97 On the Factual Question, the Bank submits that this court should exercise the power of remittal. The Bank argues that the breach in question is a discrete issue which only concerns a partial defence of price reduction resulting from the December 2015 meeting, and can be addressed by the arbitrator with relative ease. Moreover, regard must be had to the proportionality between the harm arising from the breach and the possible remedies available to a supervisory court. Setting aside the entire Final Award is a disproportionate response given the minimal prejudice to the Buyer, the length of the proceedings and the Buyer’s belligerent conduct in the arbitration. In the circumstances, the Bank submits that the Judge should have invited parties to address the question of remittal.

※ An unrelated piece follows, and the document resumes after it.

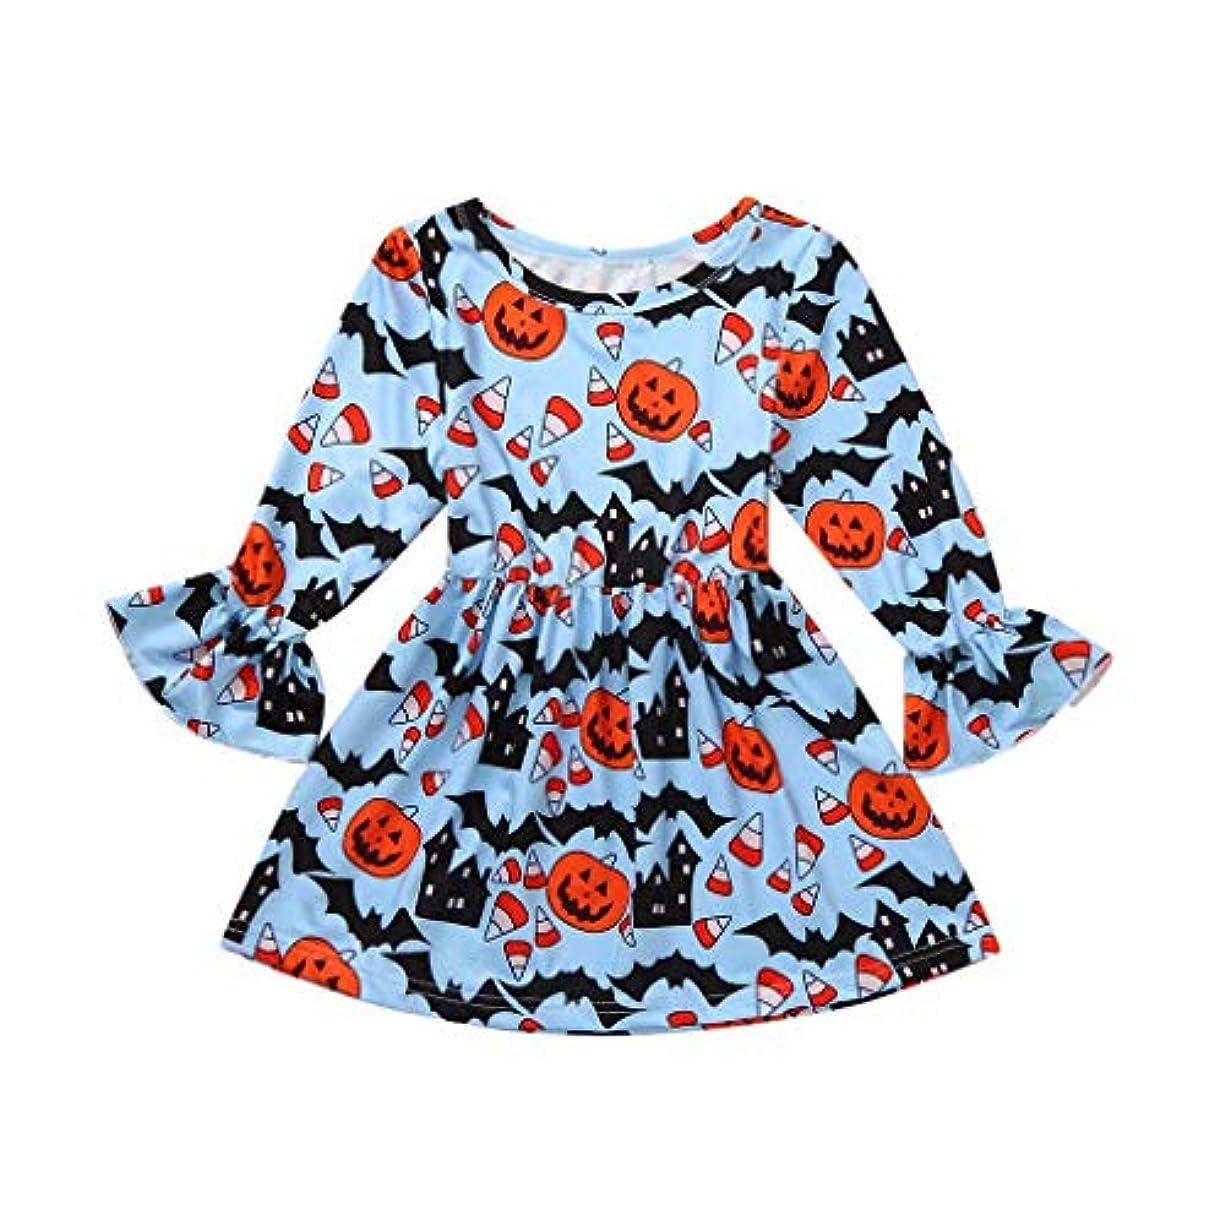 確執個人的に剃るMISFIY 新生児 ベビー服 ガールズ 女の子 子供 漫画柄 ドレス プリンセススカート 綿 肌着 ハロウィン Halloween ブルー かわいい 柔らかい 誕生記念 出産祝い
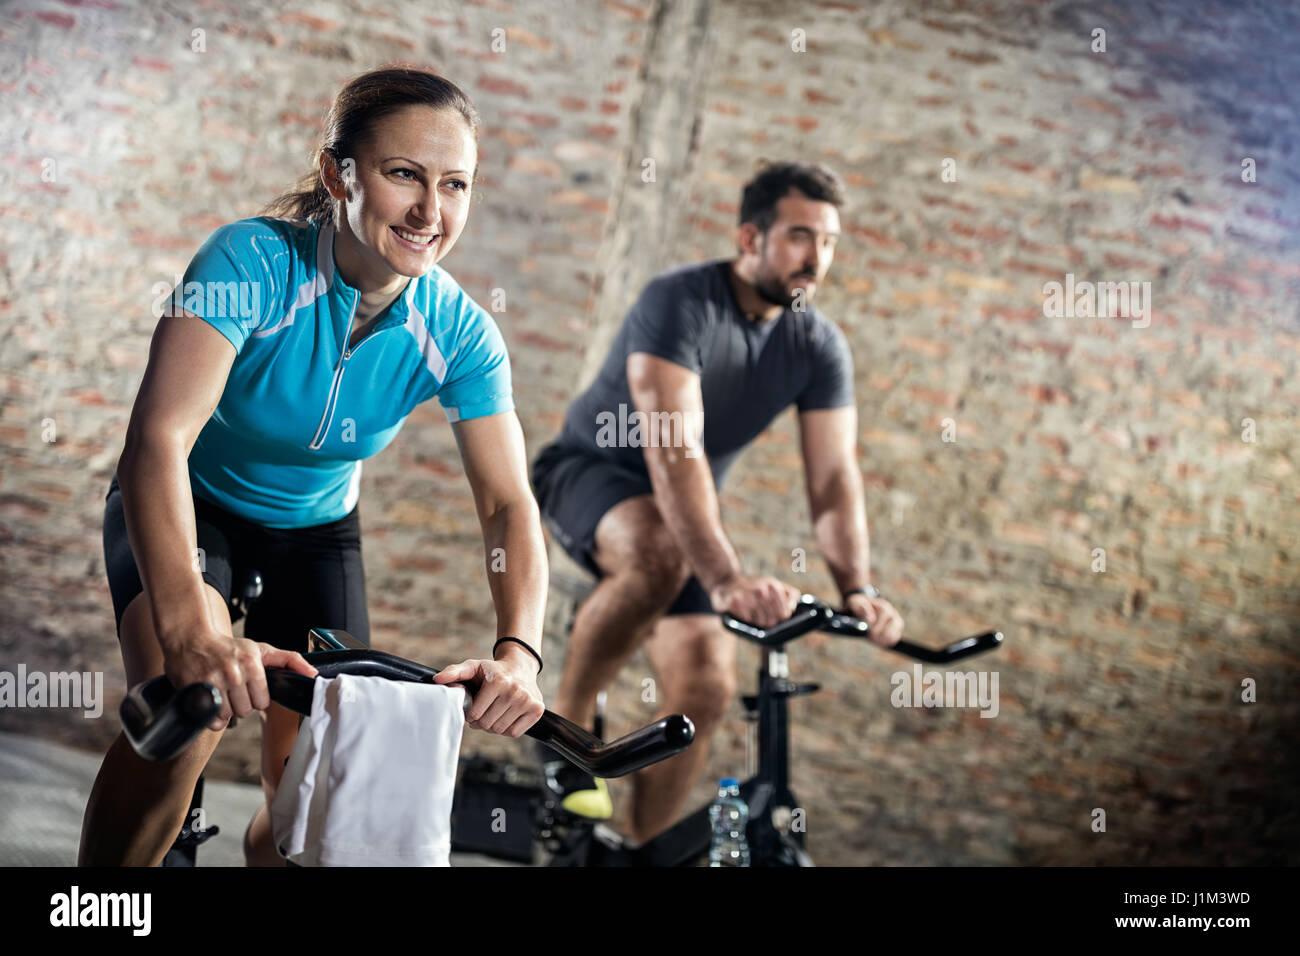 Mujer sonriente en ropa deportiva sobre ciclismo fitness Imagen De Stock

Nonetheless, that no request was made before the Judge below is not fatal since a request has been made in the setting aside proceedings before this Court.
98 The Buyer, on the other hand, argues that this Court does not have the power to order a remittal of the Final Award under Art 34(4) of the Model Law. This is because the setting-aside proceedings before the High Court have concluded and no request for remittal was made then, as is required by the plain text of Art 34(4). This, the Buyer submits, is the result of the Bank’s “go-for-broke” strategy both before the tribunal and the proceedings before the High Court, where the only issue was the setting aside of the Final Award. Whilst the Court of Appeal has the discretion to hear a point that was not taken below, that should only be exercised in exceptional circumstances. In the present appeal, there are no such exceptional circumstances. Moreover, this Court would be exercising original jurisdiction instead of appellate jurisdiction if it ordered a remittal.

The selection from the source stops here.